Slashdot Mirror
Ask Slashdot: Application Security Non-existent, Boss Doesn't Care. What To Do?
An anonymous reader writes "I am a senior engineer and software architect at a fortune 500 company and manage a brand (website + mobile apps) that is a household name for anyone with kids. This year we migrated to a new technology platform including server hosting and application framework. I was brought in towards the end of the migration and overall it's been a smooth transition from the users' perspective. However it's a security nightmare for sysadmins (which is all outsourced) and a ripe target for any hacker with minimal skills. We do weekly and oftentimes daily releases that contain and build upon the same security vulnerabilities. Frequently I do not have control over the code that is deployed; it's simply given to my team by the marketing department. I inform my direct manager and colleagues about security issues before they are deployed and the response is always, 'we need to meet deadlines, we can fix security issues at a later point.' I'm at a loss at what I should do. Should I go over my manager's head and inform her boss? Approach legal and tell them about our many violations of COPPA? Should I refuse to deploy code until these issues are fixed? Should I look for a new job? What would you do in my situation?"
Cover your ass BEFORE you talk to somebody in legal. The legal department is there to protect the company and NOT its employees. A good legal dept will say "hey, this employee is trying to reduce our liability" -- but a bad one will say "this employee is a liability" and shoot the messenger.

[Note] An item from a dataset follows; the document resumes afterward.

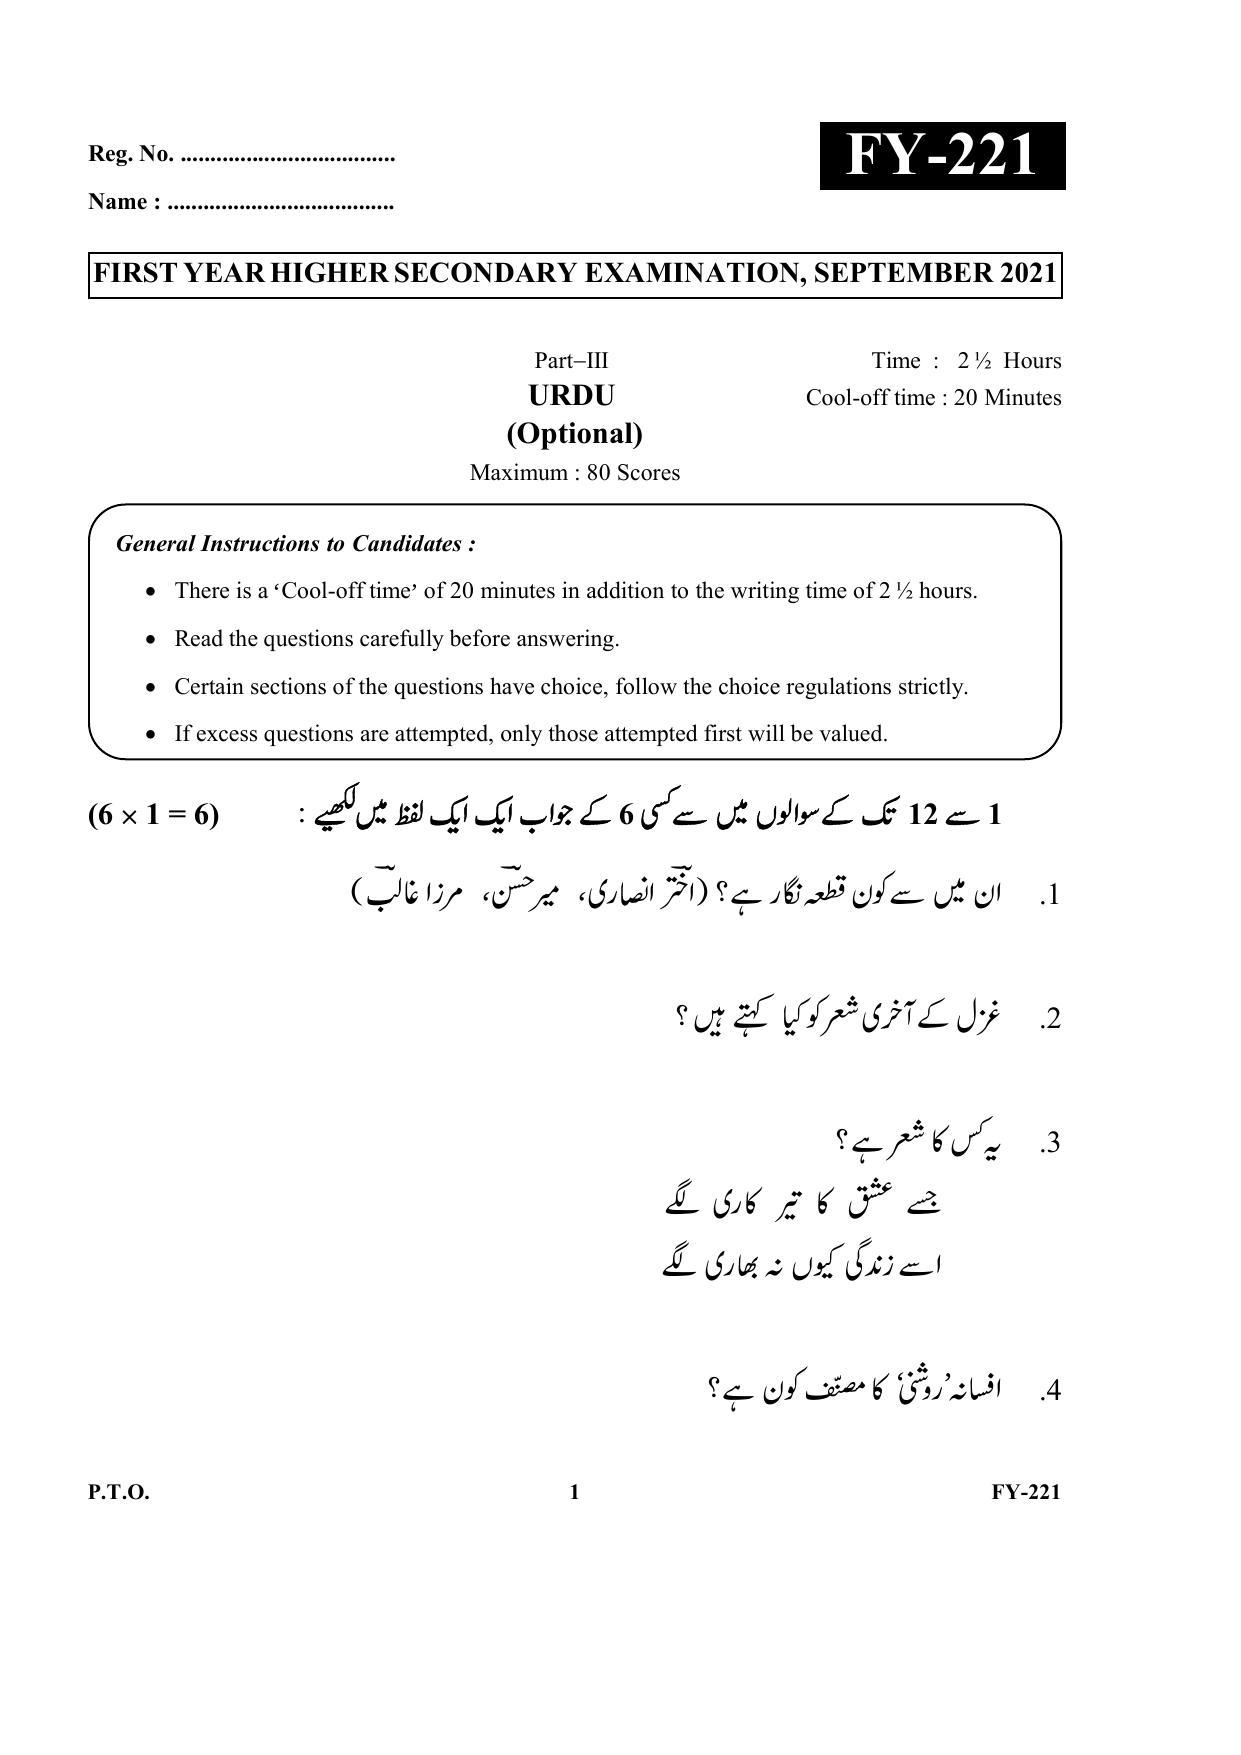 Kerala Plus One (Class 11th) Part-III Urdu-Optional Question Paper 2021 - Page 1

I agree, but I wouldn't be underhand and I certainly wouldn't use read receipts. That looks horribly like the very worst kind of arse covering.
You shouldn't go over your boss's head. Juggling a large number of conflicting priorities is what managers are paid to do, and you won't do yourself or anyone else any favours by undermining your boss's judgement in that way. But you should also consider the risk that she consciously has her own best interests at heart rather than the business's interests. She might have the view that, in the event of a security debacle, she will pretend that the team messed up and failed to follow instructions, and simply ride out the storm. In the meantime, she looks efficient and appears to gets jobs done quickly with a minimum of fuss.

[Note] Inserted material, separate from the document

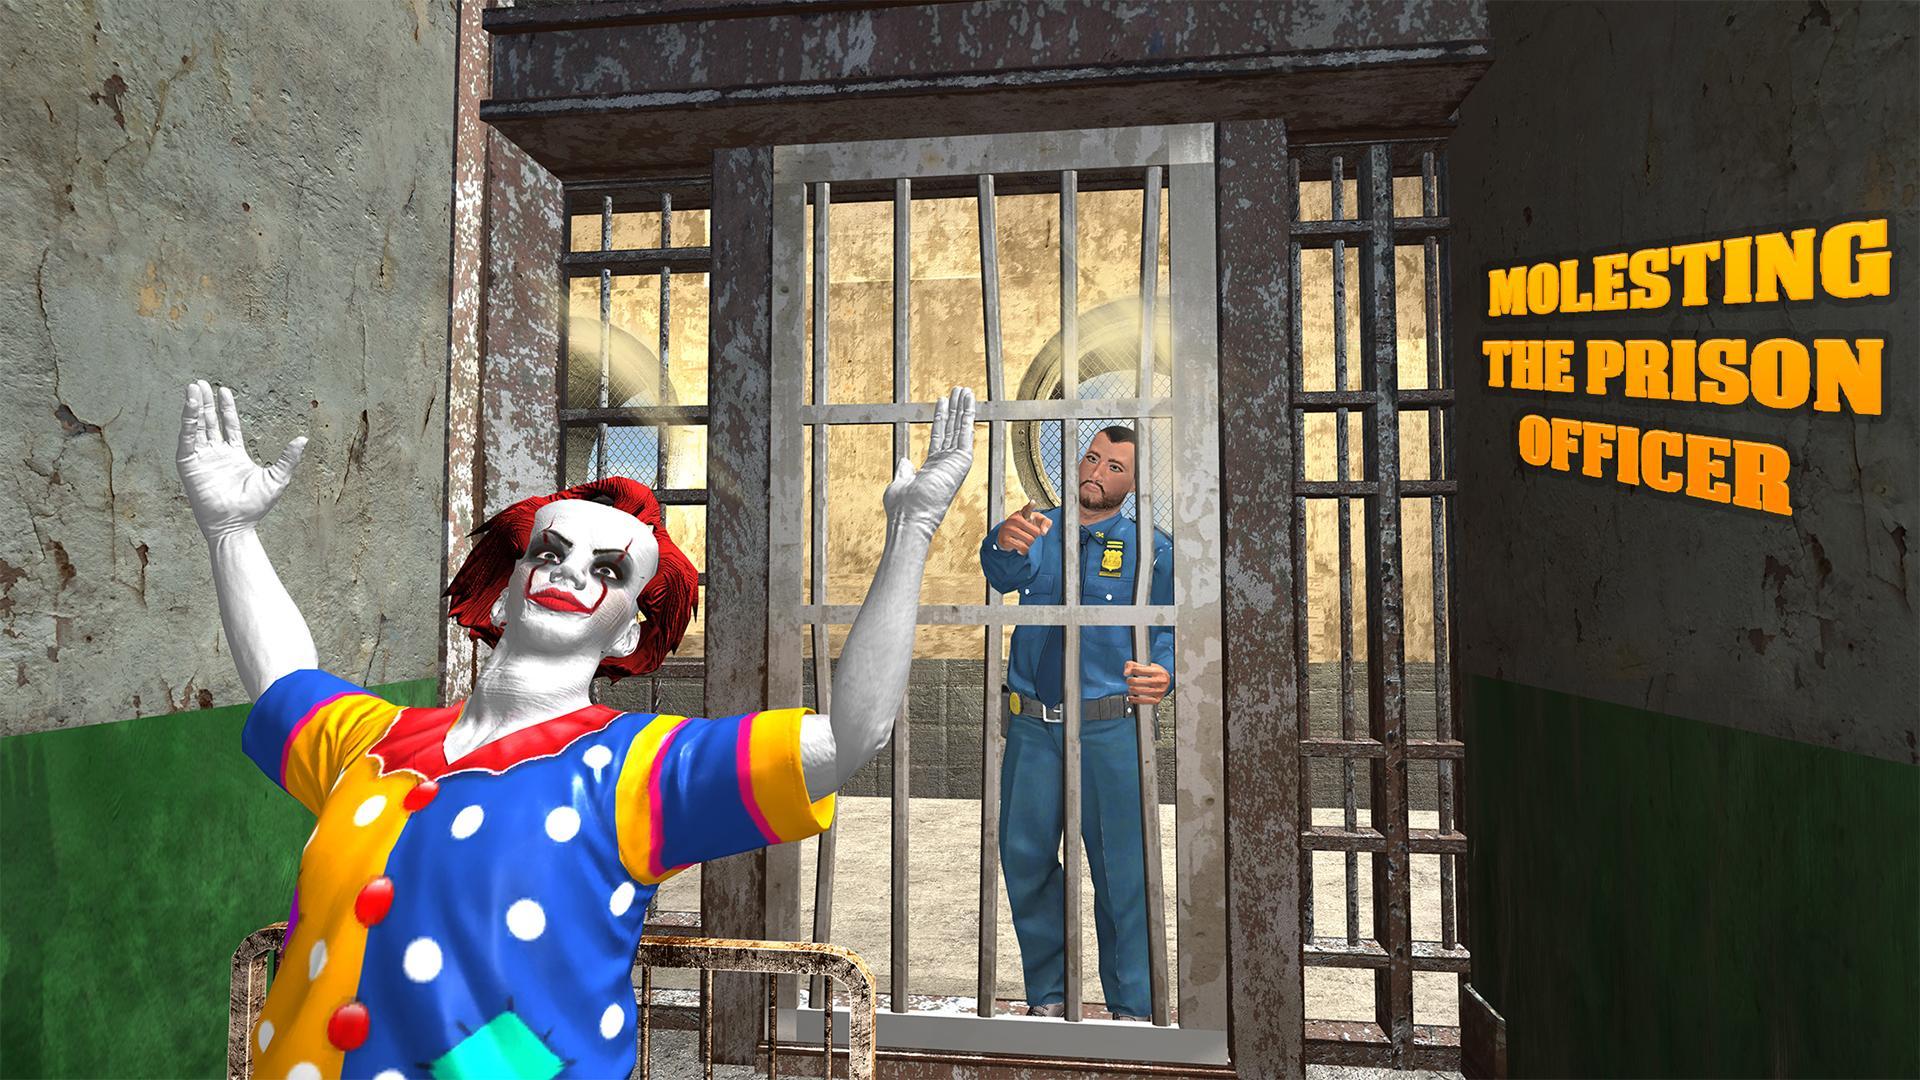 Killer Clown Prison Escape Jailbreak Simulator Pour Android - alcatraz prison guard suit roblox

Instead, you should sit down with her and clearly express your concerns. You should then follow up your meeting with a very clear email that summarises the conversation. You need to start with an assertive but non-hostile comment that leaves no-one in any doubt what has happened - something like this, "As we discussed earlier, these are the security issues where I believe that we are falling short of regulatory expectations..." Print out that email and take it home with you.

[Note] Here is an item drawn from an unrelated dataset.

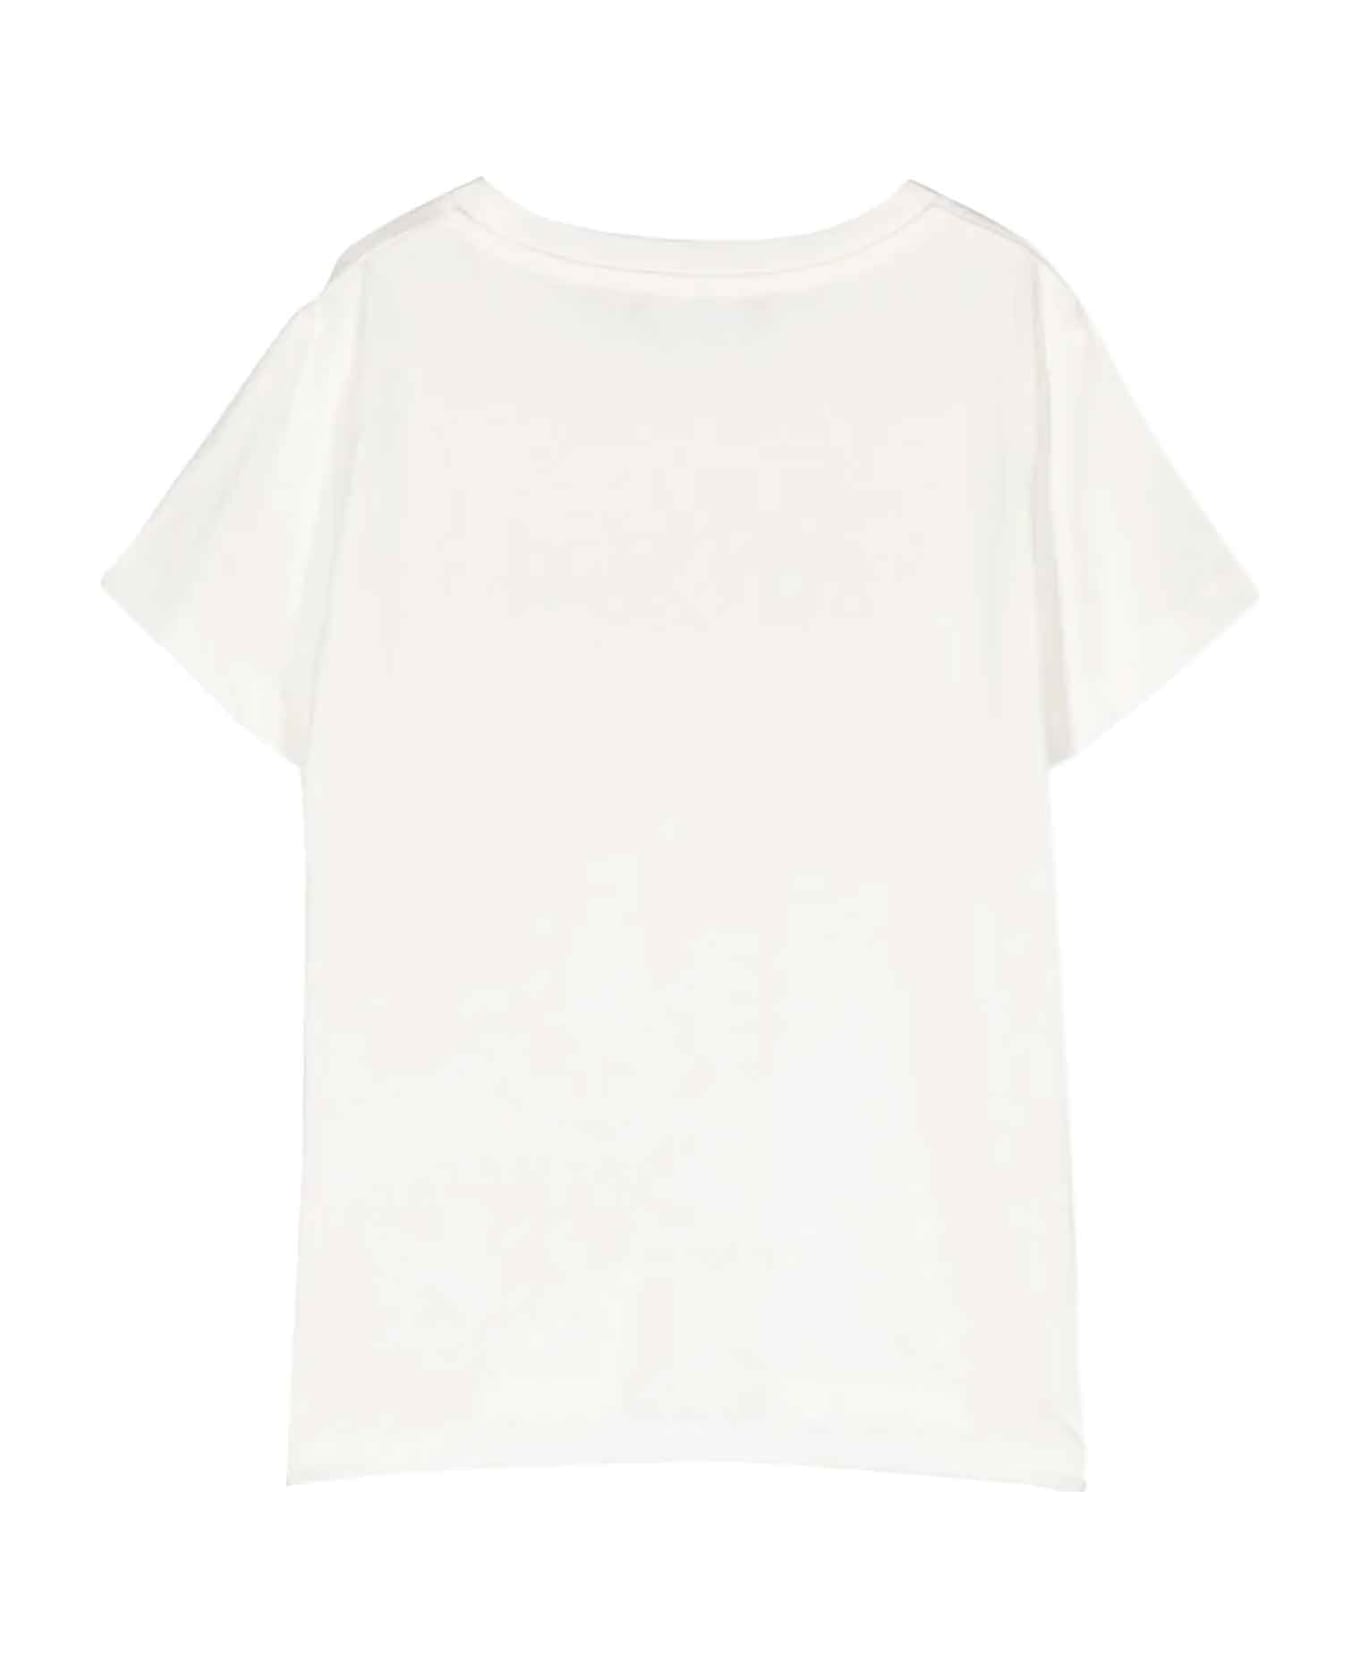 Young Versace White T-shirt Unisex Kids - Bianco

At that point, your boss has three options. 1. She can fix things. 2. She can escalate up the food chain, so that someone bigger than her can decide whether poor security is really in the company's best interests. 3. At huge personal risk, she can quietly ignore you.
Middle managers tend to have pretty strong survival instincts, so option 3 is very unlikely to to fly. Option 2 is pretty likely, and her manager might well say that security is too expensive/awkward/boring/inconvenient. If that happens, you're probably better off working some place else where you can be proud to turn up in the morning.
If you don't let me fix them, you will have to take the blame.
Word to the wise. Don't ever tell your boss what they need to do. I've been in the work force for over fifteen years, and this holds true for small business all the way up to large enterprise.
Best case, you've aggravated them and they will retaliate somehow. Worst case, you've aggravated them and they will retaliate somehow.